Coach or counselor
I received a phone call from someone asking me about the benefits of working with a career coach and whether I’m a career coach or a career counselor. I reversed the question to see whether the caller knows the distinction between the two terms. As expected, the caller did not. But that caller was not in the minority, because almost everyone uses the two terms interchangeably. In fact, there are even more such terms: career consultant, facilitator, mentor, and even manager-as-coach.
Marcia Bench in her book Career Coaching: An Insider’s Guide describes in detail the nuances of each term. However, for practical purposes and for the majority of people, the only question that counts is whether any of those people who hold the various titles can help clients get jobs or assist them with career changes. Of course there are also many other issues that any one of these professionals can help with.
What do clients want?
Clients look at a coach and expect the person to be someone who is confident and responsive. The coach needs to demonstrate knowledge of how to maneuver between the myriad job search strategies that are out there, and the coach must be current with rapidly changing platforms in, say, social media, for example. In terms of expectations about what clients can get from a coach, many clients come with certain preconceived ideas, and so a coach must stay open-minded and often call on intuition and experience in order to produce optimal results for a client.

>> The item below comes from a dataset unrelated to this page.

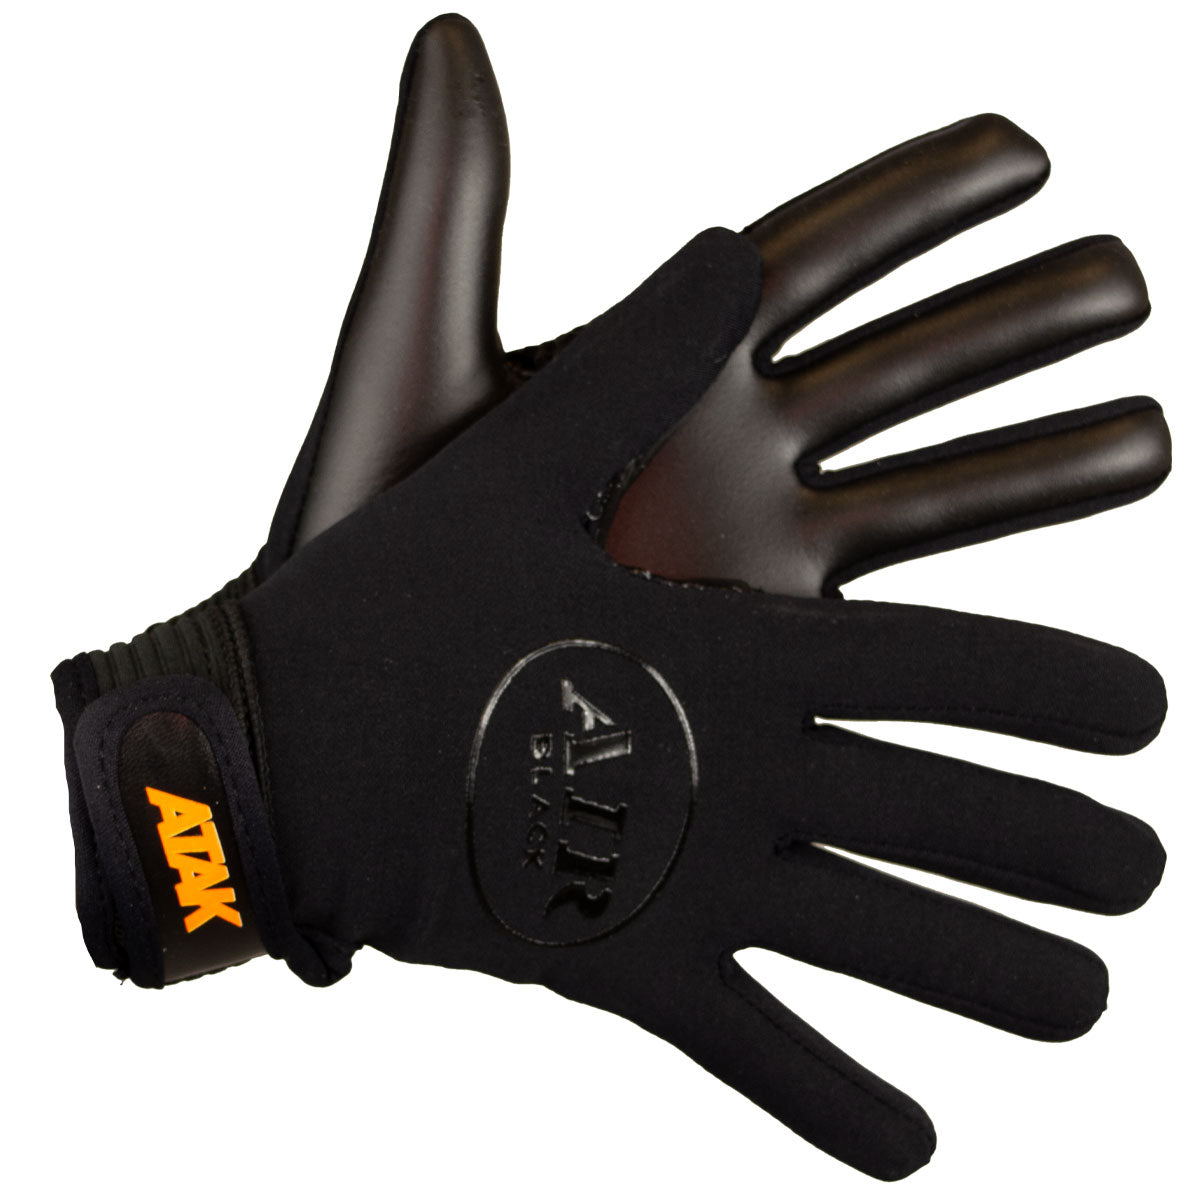 Atak Air Blackout Gaelic Gloves - Adult - Black

An experienced coach develops an eye for clients’ strengths, innate talents, and skills but at the same time has to help clients face—and overcome—weaknesses. Everyone has perceived weaknesses; some don’t see them objectively and thus can’t deal with them effectively. Here’s where a good career coach can be potentially crucial. Working with a career coach definitely reduces job search time—occasionally, quite significantly. Above all, a good career coach has to be an excellent listener and know to ask probing questions.
What is a session with a coach like?
Similar to other professionals, each coach has an individual style with which the coach feels confident and effective with clients. Many coaches are generalists, meaning that they help clients with a wide variety of topics such as résumé creation, networking, social media, LinkedIn profiles, written and verbal communications, interview preparation, and salary negotiation. As an example, my subspecialties are interview preparation and salary negotiation, which is of course not to say I don’t help clients with all the other subjects involved in career coaching as well!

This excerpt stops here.